The Current SALT Deduction Cap

The Tax Cuts and Jobs Act established a limit on the amount of state and local taxes that itemizing taxpayers can deduct. Currently, an individual or a married couple filing jointly can deduct a maximum of $10,000 per household in combined taxes. For married taxpayers filing separately, this limit is $5,000 each. This cap was a departure from the prior tax code, which placed no dollar limit on the deduction.

The taxes eligible for this deduction fall into specific categories. Taxpayers can deduct their state and local property taxes, plus either their state and local income taxes or their state and local sales taxes, but not both. The choice between deducting income or sales taxes typically depends on which amount is higher, a calculation that can benefit residents of states with no income tax.
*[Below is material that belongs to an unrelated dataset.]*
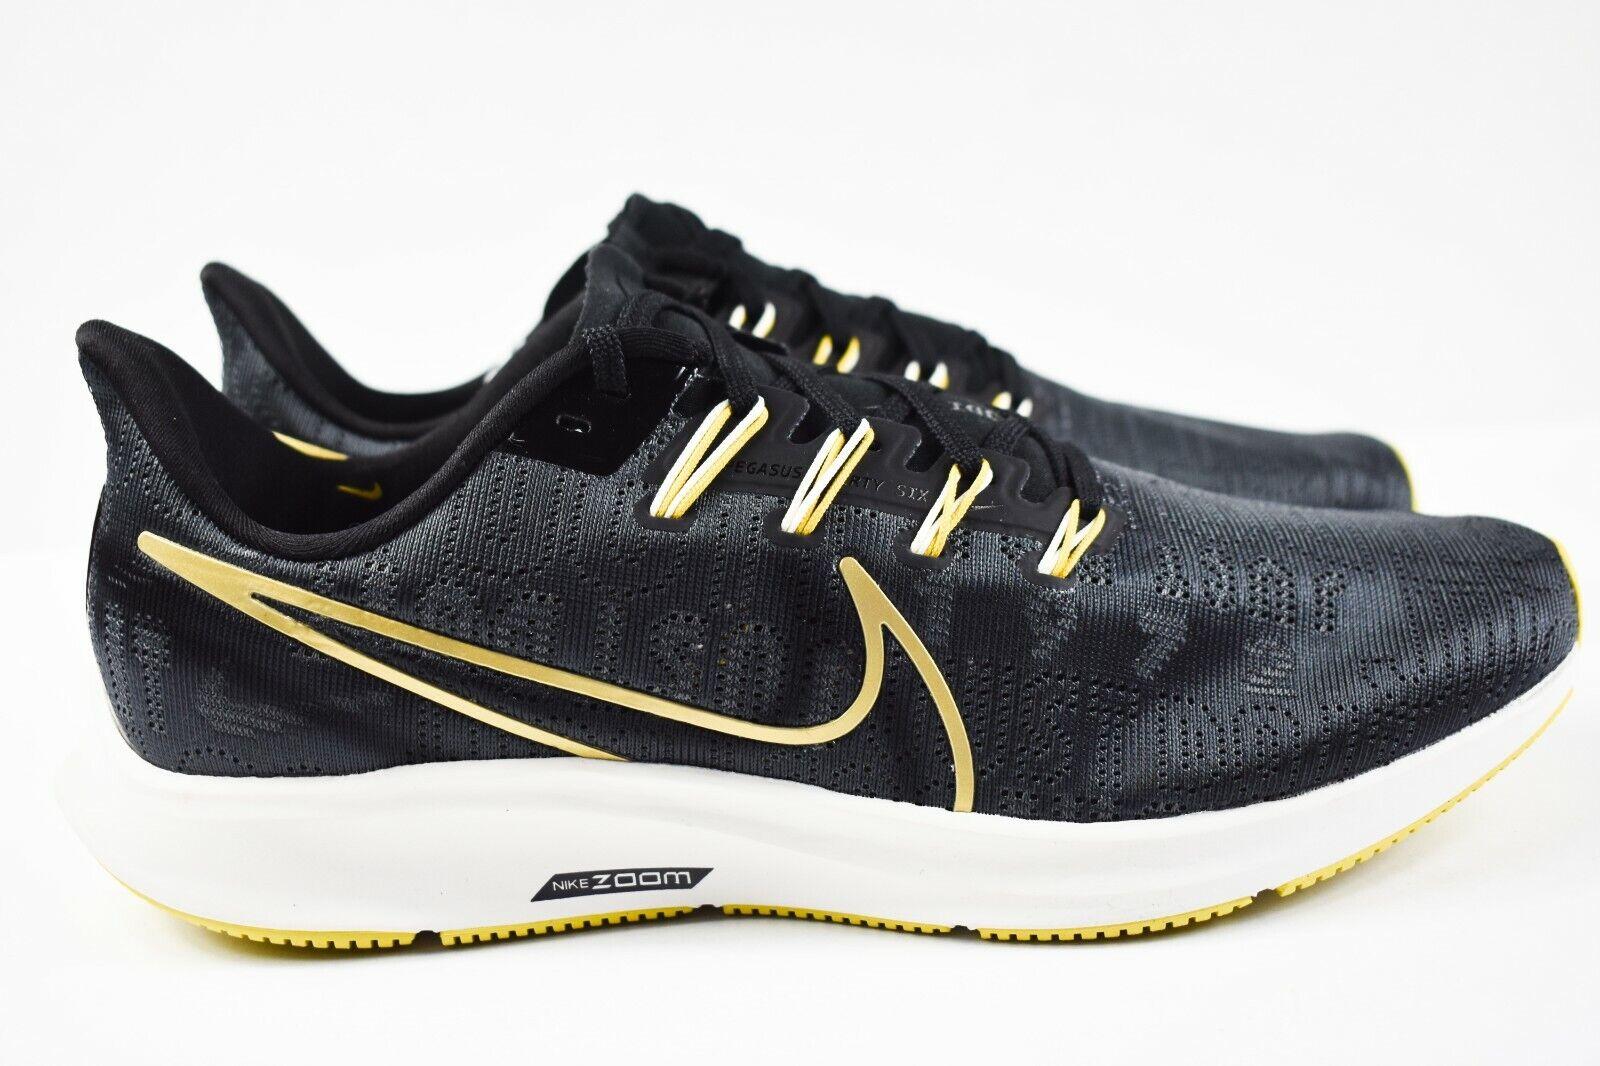 niebla Desagradable malicioso  Nike Mens Air Pegasus Racer PRM Premium Shoes 724270-223 Sz 10 Mahogany for  sale online   eBay

This limitation affects taxpayers in areas with high property values and high state income tax rates. Before the TCJA, these individuals could deduct the full amount of these taxes, reducing their federal taxable income. The cap increased the federal tax burden for many in these regions, as state and local taxes paid above the $10,000 threshold are not deductible from federal income.

Scheduled Expiration and Direct Consequences

Unless Congress acts, the SALT deduction cap will disappear for tax years beginning after December 31, 2025. If the provision expires, the rules will revert to what they were before 2018, and the deduction for state and local taxes will again become unlimited for those who itemize.

A return to an unlimited SALT deduction brings back a complication from the pre-TCJA tax code: the Alternative Minimum Tax (AMT). The AMT is a parallel tax system requiring some taxpayers to calculate their liability twice—once under regular rules and once under AMT rules—and pay the higher amount. A primary difference in the AMT calculation is that it disallows the deduction for state and local taxes.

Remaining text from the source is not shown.